Statistics and ggplot2: Quick Reference

Statistics and ggplot2: Quick Reference

Central Tendency

  • Mean: The average of values, affected by outliers.
    • Formula: \(\bar{x} = \frac{\Sigma x_i}{n}\)
  • Median: The middle value, robust to outliers.
  • Mode: The most frequent value in a dataset.

Variability Metrics

  • Range: \(\text{Max} – \text{Min}\)
  • Population Variance: \(\sigma^2 = \frac{\Sigma (x_i – \mu)^2}{N}\)
  • Sample Variance: \(s^2 = \frac{\Sigma (x_i – \bar{x})^2}{n-1}\) (Bessel’s correction).
  • Standard Deviation (SD): The square root of variance.
    • Formula: \(s = \sqrt{s^2}\)

Standard Error (SE)

  • Formula: \(SE = \frac{s}{\sqrt{n}}\)
  • Measures the precision of the sample mean as an estimate of the population mean.
  • Larger sample size = Lower SE.

Central Limit Theorem (CLT)

  • For \(n \geq 30\), the sampling distribution of the mean is approximately normal, regardless of population shape.
  • Allows normal methods for inference even with non-normal populations.
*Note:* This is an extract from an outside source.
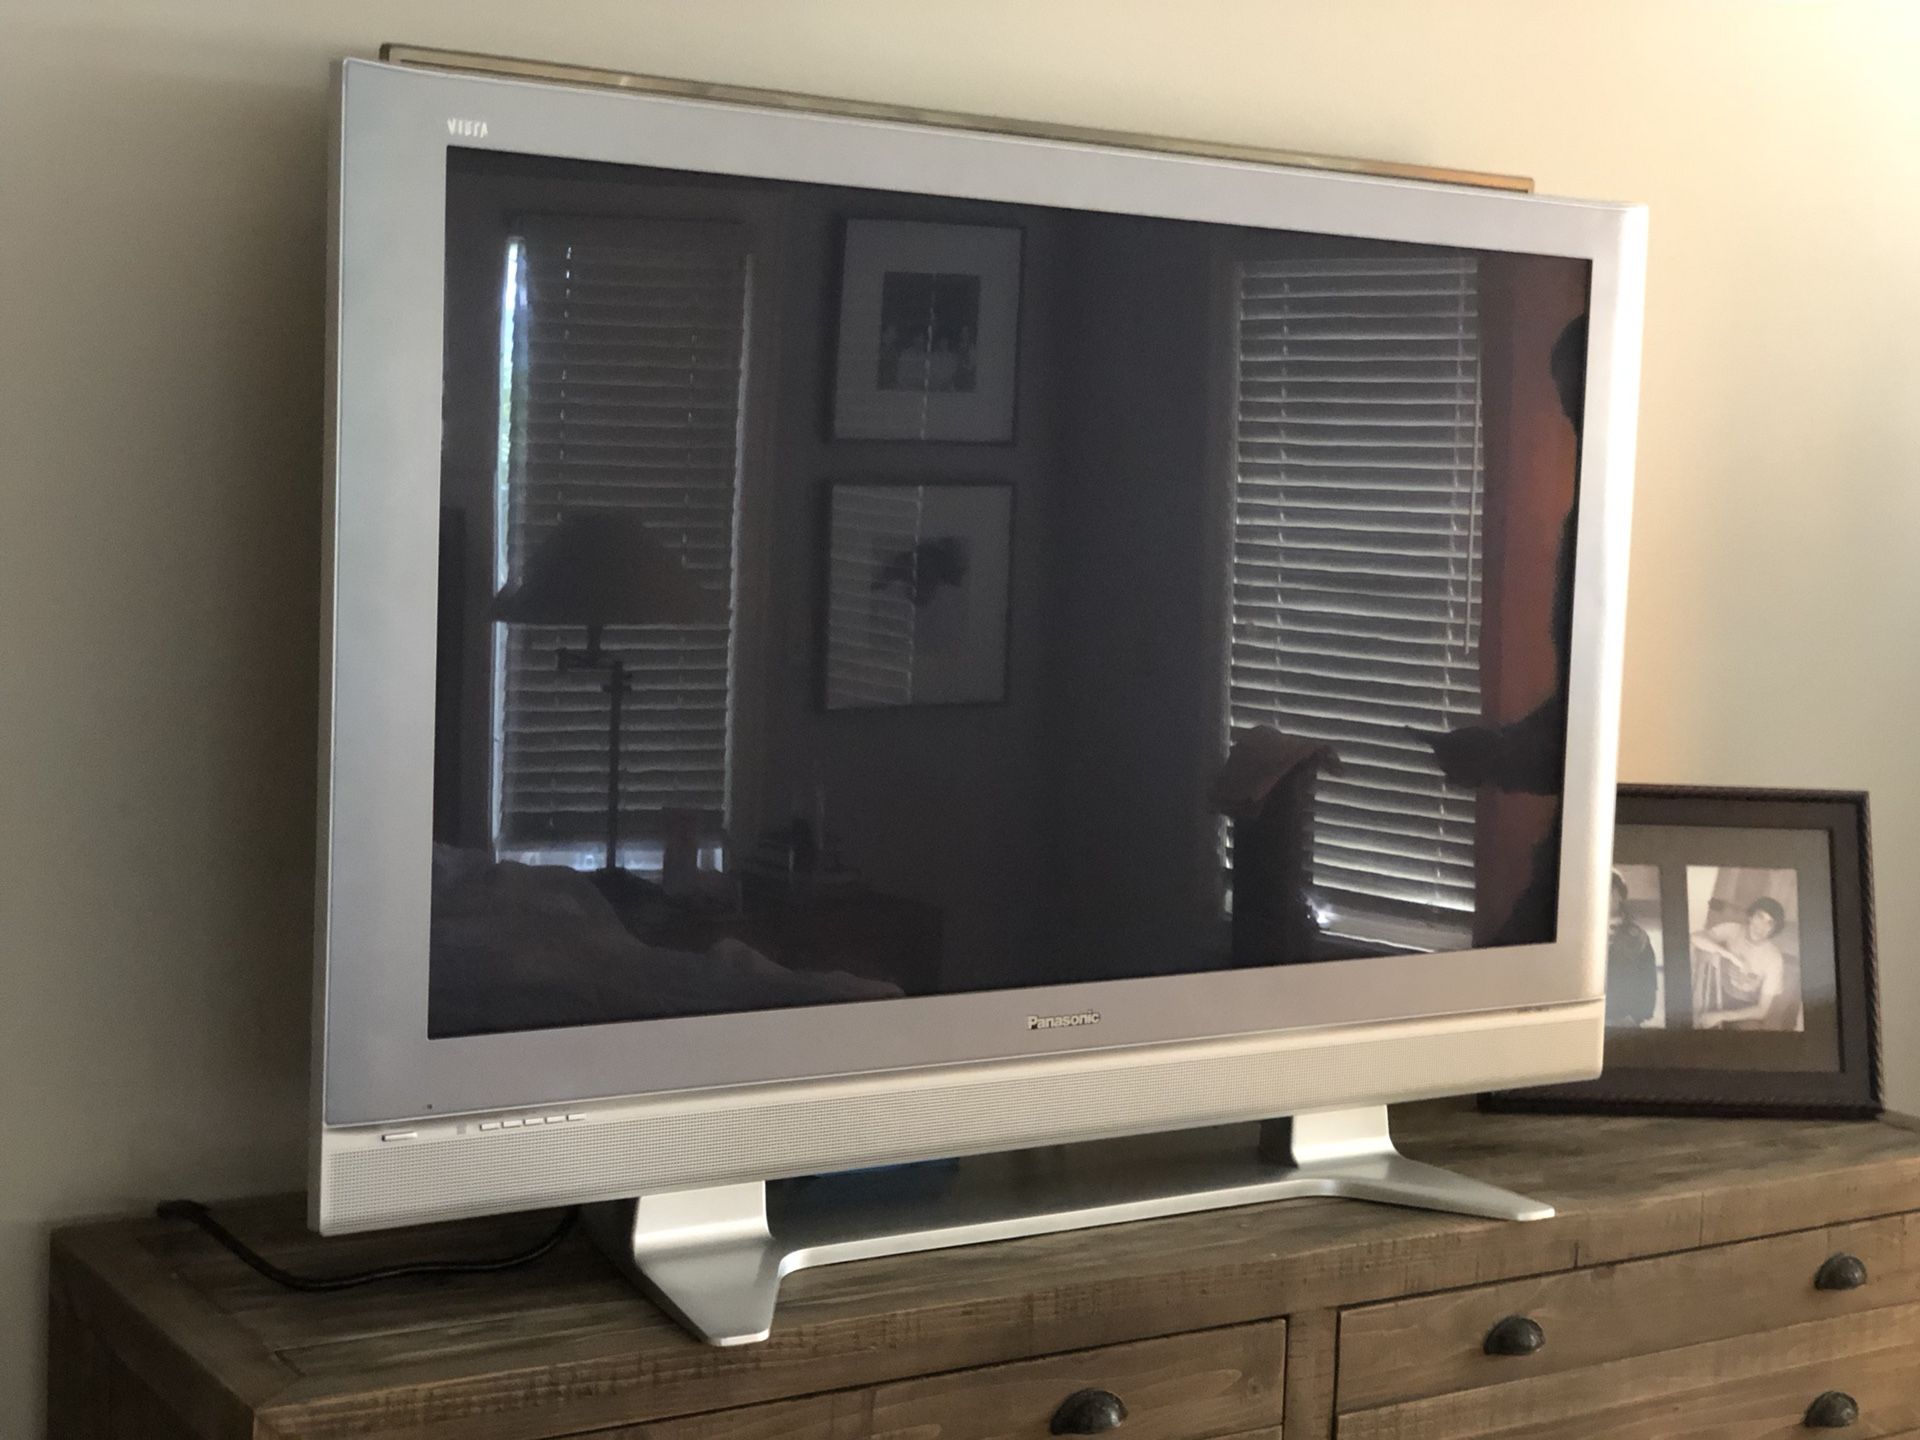 50 inch Panasonic Flatscreen TV with stand

When to Use Mean vs. Median

  • Mean: Symmetrical data with no outliers.
  • Median: Skewed data or when there are outliers (e.g., income).

Normal Distribution

  • 68%-95%-99.7% Rule:
    • 68% within 1 SD, 95% within 2 SD, 99.7% within 3 SD.
  • Z-Score: \(z = \frac{x – \mu}{\sigma}\)

Boxplots

  • Visualizes the median, spread (IQR), and outliers.
  • Useful for detecting skewness and variability.

Histograms

  • Displays the frequency distribution of continuous data.
  • Shape (e.g., symmetric, skewed) provides insights into data.

ggplot2 Reference

Basics

  • Framework:
    ggplot(data, aes(x, y)) + geom_...()
  • aes(): Maps variables to aesthetics (e.g., x, y, color).

Common Geoms

  • Scatterplot: geom_point() for relationships between variables.
  • Line Graph: geom_line() for trends over time.
  • Histogram:
    geom_histogram(aes(y = ..density..), bins = 30) + geom_density()
  • Bar Plot: geom_bar() for categorical counts.
  • Boxplot: geom_boxplot() for variability and outliers.

Customization

  • Labels:
    labs(title = "Title", x = "X-axis", y = "Y-axis")
  • Color by Category:
    aes(color = variable)
  • Faceting:
    facet_wrap(~ category)
  • Themes:
    theme(axis.text = element_text(size = 12))

Graph Interpretation

  • Scatterplot: Shows correlation (positive, negative, or none).
  • Boxplot: Highlights spread, median, and outliers.
  • Histogram: Reveals data distribution shape (symmetric, skewed, bimodal).
  • Line Graph: Shows trends and patterns over time.

Scales and Limits

  • Set Axis Limits:
    scale_x_continuous(limits = c(min, max))
  • Log Scale:
    scale_y_log10()

Quick Reference Table

MetricFormula/Key Info
Mean\(\bar{x} = \frac{\Sigma x_i}{n}\)
Sample Variance\(s^2 = \frac{\Sigma (x_i – \bar{x})^2}{n-1}\)
Standard Deviation\(s = \sqrt{s^2}\)
Standard Error\(SE = \frac{s}{\sqrt{n}}\)
Z-Score\(z = \frac{x – \mu}{\sigma}\)
CLTSampling distribution \(\sim N(\mu, \frac{\sigma}{\sqrt{n}})\)
HistogramVisualizes frequency of continuous data.
BoxplotShows median, quartiles, whiskers, and outliers.
ScatterplotExamines relationships between variables.